Africa leaders, conservationists seek end to slaughter of elephants, rhinos


The future of Africa’s elephants and rhinos depends on the ability of the continent’s nations to battle together against poaching, Kenya’s president and conservationists said on Friday as they met at an East African summit.

Signalling its commitment, Kenya will burn 105 tonnes of seized ivory on Saturday, seeking to send a message that the real value of tusks when they are on the live animals that draw tourists to Africa’s savannas and forests, where herds have been decimated.

From 1.2 million in the 1970s, the number of elephants roaming Africa has plunged to around 400,000. Poaching exceeded 30,000 a year between 2010 to 2012, threatening to wipe them out in some African regions. The future for Rhinos, now numbering less than 30,000, is even more bleak if poaching is not checked.
“The poachers do not care about national borders, nor do the criminal gangs who smuggle illegal wildlife parts out of the continent. There is no solution to this struggle that can be implemented by one country alone,” Kenyatta said in a statement before the Giants Club summit which he is due to address.
“This is a continental issue,” Ian Craig, director of Kenya’s Northern Rangelands Trust, told the gathering, saying Africans needed to build on successes made since a 2012 poaching peak. “As Africa, we need to coordinate our efforts.”

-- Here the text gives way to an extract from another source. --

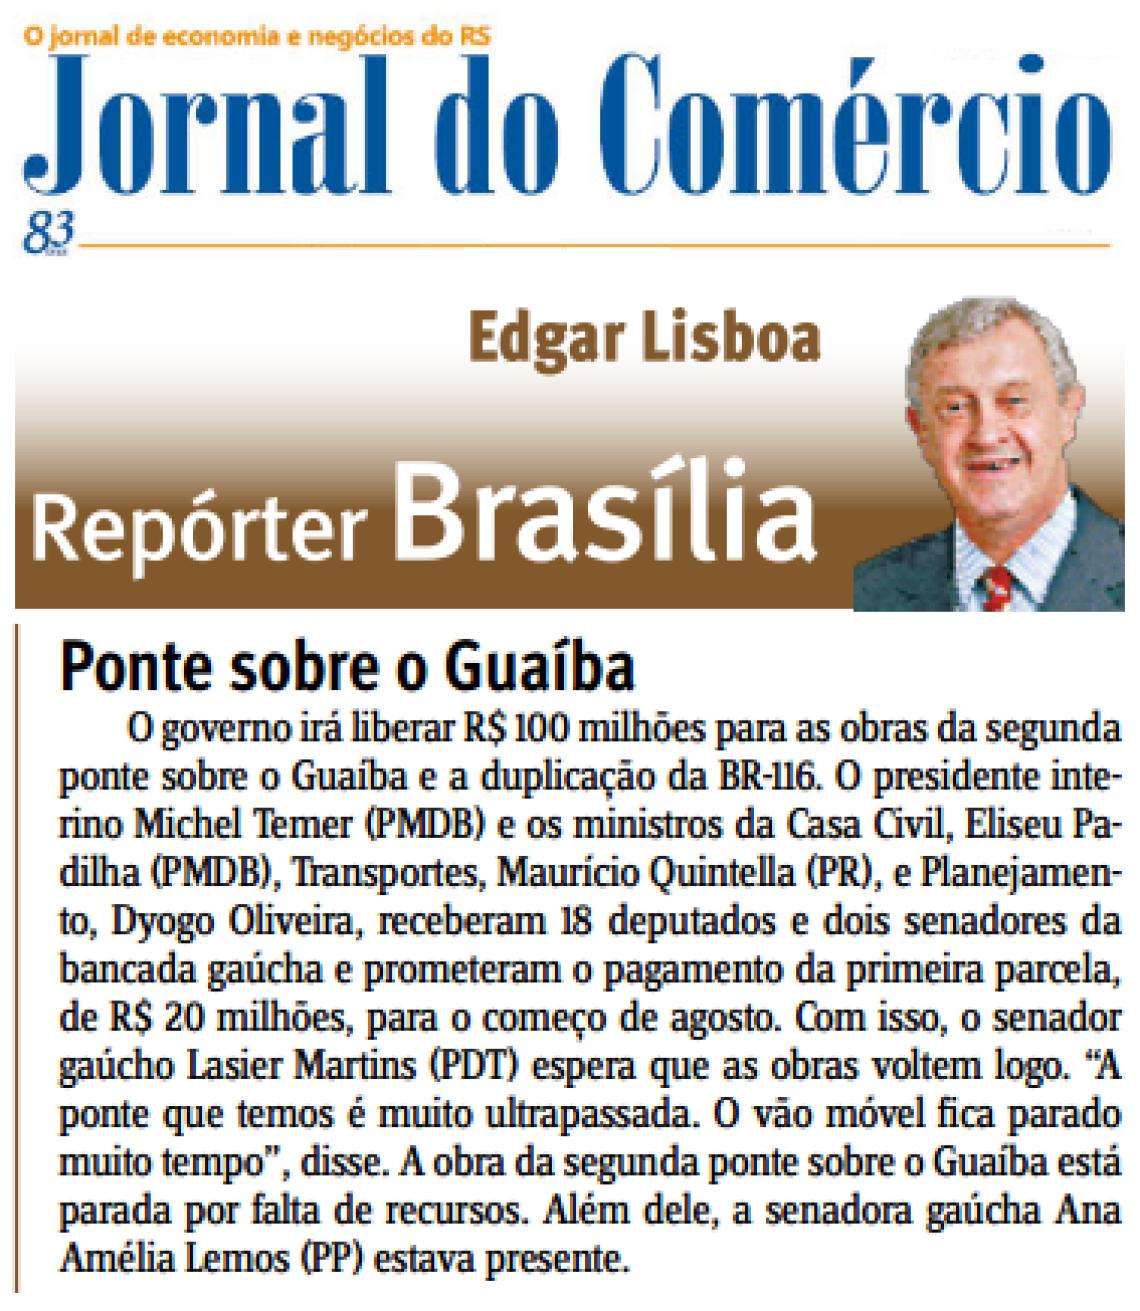 Jornal do Comércio: Edgar Lisboa - Ponte sobre o Guaíba

In Kenya, 93 elephants were killed in 2015, down from 384 in 2012. But conservations say the East African nation remains a transit point for poached wildlife parts from other countries.

Leaders from Uganda and Gabon also joined the summit to outline their efforts to curb illegal hunting by poachers, who in some regions have in the past used belt-fed machine guns to mow down dozens of animals at a time.

Botwana’s president had been due to attend. It was not immediately clear why he did not turn up. While supporting the battle against poaching, Botswana has opposed burning ivory.

Conservationists have called for action ranging from improved prosecution of poachers to slashing demand for ivory and rhino horn abroad, most of it coming from Asia.
“Political will, that is the key ingredient,” Max Graham, the founder and chief executive officer of charity Space for Giants, speaking before the summit.

His group seeks to share techniques to combat poaching and protect habitats for elephants and rhinos.

Ol Pejeta Conservancy has been at the forefront of those initiatives, protecting and slowly starting to rebuild Kenya’s rhino numbers. Airborne rapid reaction rangers, a helicopter with night vision and better intelligence in the local community helped.

But it seems too late for the northern white rhino. Just three individuals of the species remain, guarded 24 hours at the Ol Pejeta site. Scientists are racing against time to work out ways on reproductive techniques for the aging animals.

There have also been gains made in stemming international trade in ivory and rhino horn. China and the United States, two of the biggest ivory markets, announced plans last year to enact almost complete bans on imports and exports.

The ivory price in Hong Kong, a major trade route to China which also announced plans for a sales ban, has fallen to about $380 per kg from $1,500 per kg in 2014, Peter Knights, executive director of WildAid which campaigns to end the trade, told Reuters.
“It is never fast enough, but it is definitely heading in the right direction,” he said.